Reflection for Today ▶️ ⏩ ⏹️
Blurred still from Alan Parker's 1976 film, Bugsy Malone. Like Jephthah, Bugsy is recruiting an army of indigent, homeless people—vain men—to take on a rival gang, stronger than his own.
Now Jephthah the Gileadite was a mighty man of valour, and he was the son of an harlot: and Gilead begat Jephthah. And Gilead's wife bare him sons; and his wife's sons grew up, and they thrust out Jephthah, and said unto him, Thou shalt not inherit in our father's house; for thou art the son of a strange woman. Then Jephthah fled from his brethren, and dwelt in the land of Tob: and there were gathered vain men to Jephthah, and went out with him.
— Judges 11:1-3
In reading the King James version of the Bible, it is easy to miss that Jephthah, after being cast from his family home due to his ignoble birth, becomes a bandit leader. The KJV uses the term vain men to describe what other translations more bluntly express as gang of scoundrels (NIV), band of worthless rebels (NLT) or worthless and unprincipled men (Amplified Bible). The word vain, more commonly used today to mean excessive pride or self-love also means to have the quality of being worthless or futile.1 Although the men attracted to Jephthah are described in such derogatory terms by later translations, more serious study of the term in the context of time and place reveals that these men were
"not wicked men, but empty men, whose pockets were empty; men without money...had nothing to live upon, no more than Jephthah, and he being a valiant man, they enlisted themselves under him."2
Their vanity was their emptiness, their lack of land, trade or income. The two translations that come closest to capturing this use the terms needy (Douay-Rheims Bible) and indigent (Catholic Public Domain Version). Typical of the period, where God's covenant with Israel was largely forgotten, these men, empty and needy, are the embodiment of the state of Israel which had become, spiritually, an empty and needy nation.

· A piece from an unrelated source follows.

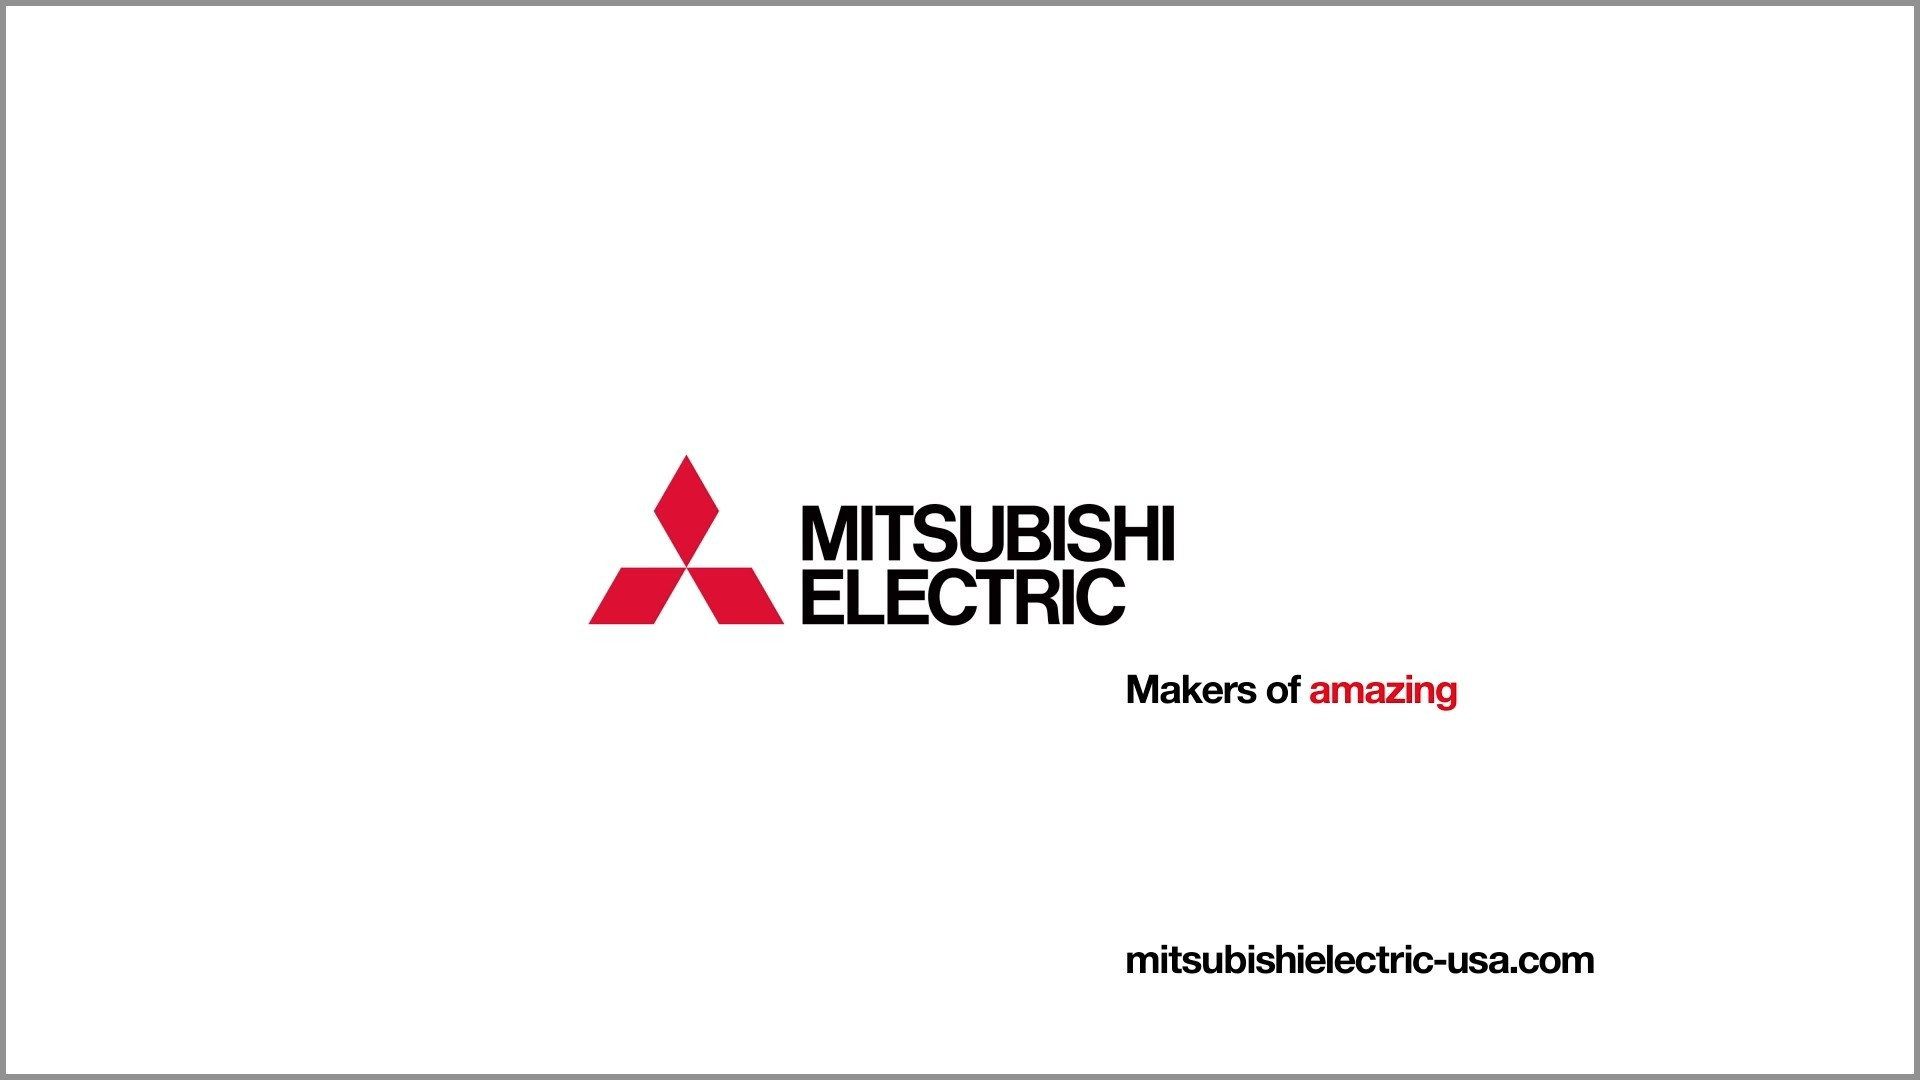 Mitsubishi electric logo – Mitsubishi Electric Makers Of Amazing U S Version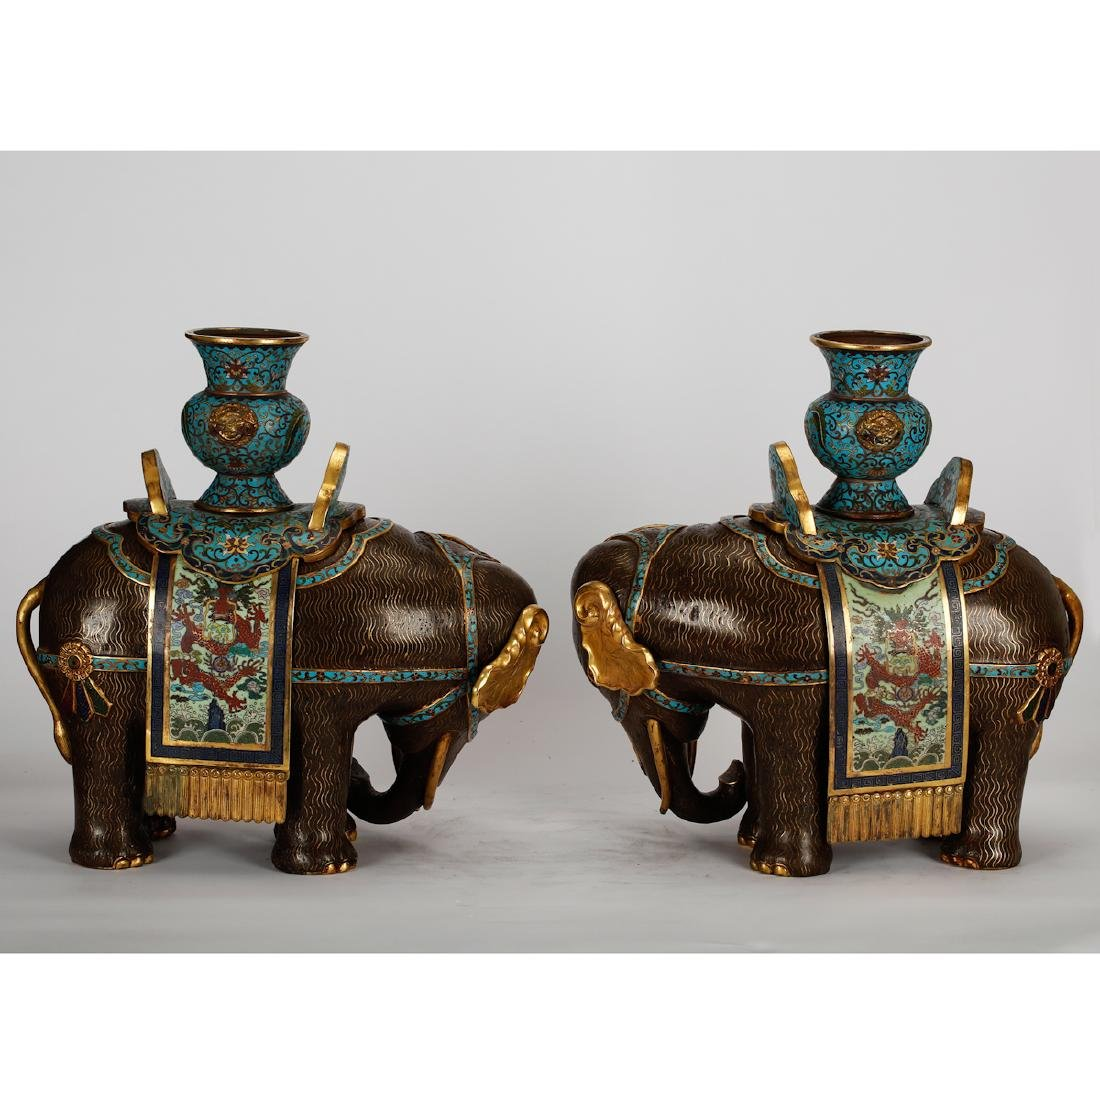 CHINESE CLOISONNE ELEPHANTS, PAIR - 2

When we look at those breaking the law today, the house-breakers, bag-snatchers (the common thieves, not the executive ones who are often held in awe) we generally consider them to be unprincipled scoundrels, bad men who should be locked up. Perhaps they are, perhaps this is what they have become, but they are also people with unmet needs, people with no worth and little money, perhaps lacking education and denied honest work. Couple this paucity with our society's message that money, cars and property give a man his worth it is no wonder our streets are rife with crime. Criminals are not born, they are made. We make them. Jesus, much later in the scriptures, has quite a lot to say about this!
1 The book of Ecclesiastes uses the word vanity in this sense: empty, futile, vapid.